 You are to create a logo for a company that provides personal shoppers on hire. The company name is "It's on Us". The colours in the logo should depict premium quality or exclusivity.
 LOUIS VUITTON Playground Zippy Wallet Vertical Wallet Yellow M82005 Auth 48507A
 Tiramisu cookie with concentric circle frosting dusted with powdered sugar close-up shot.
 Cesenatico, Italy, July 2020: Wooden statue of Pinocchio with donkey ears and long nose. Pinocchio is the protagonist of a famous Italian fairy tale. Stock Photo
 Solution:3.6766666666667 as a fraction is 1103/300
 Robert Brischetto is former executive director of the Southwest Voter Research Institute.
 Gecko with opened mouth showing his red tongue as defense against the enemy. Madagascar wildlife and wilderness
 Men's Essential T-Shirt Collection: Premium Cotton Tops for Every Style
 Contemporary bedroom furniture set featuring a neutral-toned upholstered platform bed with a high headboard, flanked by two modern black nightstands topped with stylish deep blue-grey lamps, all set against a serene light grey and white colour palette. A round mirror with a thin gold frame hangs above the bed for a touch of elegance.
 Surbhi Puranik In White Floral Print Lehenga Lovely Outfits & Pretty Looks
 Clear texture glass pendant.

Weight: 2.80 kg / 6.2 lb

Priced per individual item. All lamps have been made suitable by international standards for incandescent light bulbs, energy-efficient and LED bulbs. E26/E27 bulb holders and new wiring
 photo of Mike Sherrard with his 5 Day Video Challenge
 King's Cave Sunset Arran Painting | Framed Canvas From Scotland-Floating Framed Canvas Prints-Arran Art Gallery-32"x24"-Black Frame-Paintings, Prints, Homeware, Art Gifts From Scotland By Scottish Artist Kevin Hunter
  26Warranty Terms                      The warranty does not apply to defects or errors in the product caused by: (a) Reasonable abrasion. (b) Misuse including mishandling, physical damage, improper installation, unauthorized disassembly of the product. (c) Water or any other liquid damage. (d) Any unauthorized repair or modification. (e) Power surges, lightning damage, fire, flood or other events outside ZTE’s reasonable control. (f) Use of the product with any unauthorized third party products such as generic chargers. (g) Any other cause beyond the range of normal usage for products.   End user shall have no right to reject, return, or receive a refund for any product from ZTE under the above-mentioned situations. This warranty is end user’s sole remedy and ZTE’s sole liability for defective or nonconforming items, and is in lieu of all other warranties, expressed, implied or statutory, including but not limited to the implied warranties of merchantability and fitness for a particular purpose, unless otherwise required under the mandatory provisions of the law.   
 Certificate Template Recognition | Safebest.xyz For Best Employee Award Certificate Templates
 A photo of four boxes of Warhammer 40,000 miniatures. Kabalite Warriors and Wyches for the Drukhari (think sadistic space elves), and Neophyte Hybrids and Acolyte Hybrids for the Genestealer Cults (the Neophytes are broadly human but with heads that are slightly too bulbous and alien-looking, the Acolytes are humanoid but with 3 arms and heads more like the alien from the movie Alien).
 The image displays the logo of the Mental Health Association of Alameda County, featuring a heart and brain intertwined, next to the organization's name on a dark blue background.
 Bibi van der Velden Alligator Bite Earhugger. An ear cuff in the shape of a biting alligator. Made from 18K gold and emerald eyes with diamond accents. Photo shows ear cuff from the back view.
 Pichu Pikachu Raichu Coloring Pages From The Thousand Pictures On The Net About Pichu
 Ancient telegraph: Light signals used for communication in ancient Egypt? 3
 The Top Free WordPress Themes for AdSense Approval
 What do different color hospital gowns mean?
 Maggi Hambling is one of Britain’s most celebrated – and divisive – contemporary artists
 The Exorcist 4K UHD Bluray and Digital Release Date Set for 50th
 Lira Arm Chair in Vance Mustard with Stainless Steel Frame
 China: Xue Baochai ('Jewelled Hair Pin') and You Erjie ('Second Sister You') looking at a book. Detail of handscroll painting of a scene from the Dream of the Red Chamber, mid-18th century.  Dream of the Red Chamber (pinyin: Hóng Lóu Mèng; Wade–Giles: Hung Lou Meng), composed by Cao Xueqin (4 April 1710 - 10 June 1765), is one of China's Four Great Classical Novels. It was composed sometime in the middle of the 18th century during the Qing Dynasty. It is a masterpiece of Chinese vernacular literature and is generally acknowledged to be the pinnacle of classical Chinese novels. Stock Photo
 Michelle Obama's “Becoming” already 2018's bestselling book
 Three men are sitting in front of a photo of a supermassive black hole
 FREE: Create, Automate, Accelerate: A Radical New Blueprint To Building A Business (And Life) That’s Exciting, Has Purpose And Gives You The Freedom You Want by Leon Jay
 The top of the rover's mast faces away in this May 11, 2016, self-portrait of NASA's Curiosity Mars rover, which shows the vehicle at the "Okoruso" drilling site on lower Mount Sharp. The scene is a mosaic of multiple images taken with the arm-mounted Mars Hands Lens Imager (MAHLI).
■ ■ ■ ■ ■ ■ ■
Find the line with "Maggi Hambling is" in the entries above. Retype it and each line after it, exactly, through the line with "Three men are", and stop there.

**Answer area:**
 Maggi Hambling is one of Britain’s most celebrated – and divisive – contemporary artists
 The Exorcist 4K UHD Bluray and Digital Release Date Set for 50th
 Lira Arm Chair in Vance Mustard with Stainless Steel Frame
 China: Xue Baochai ('Jewelled Hair Pin') and You Erjie ('Second Sister You') looking at a book. Detail of handscroll painting of a scene from the Dream of the Red Chamber, mid-18th century.  Dream of the Red Chamber (pinyin: Hóng Lóu Mèng; Wade–Giles: Hung Lou Meng), composed by Cao Xueqin (4 April 1710 - 10 June 1765), is one of China's Four Great Classical Novels. It was composed sometime in the middle of the 18th century during the Qing Dynasty. It is a masterpiece of Chinese vernacular literature and is generally acknowledged to be the pinnacle of classical Chinese novels. Stock Photo
 Michelle Obama's “Becoming” already 2018's bestselling book
 Three men are sitting in front of a photo of a supermassive black hole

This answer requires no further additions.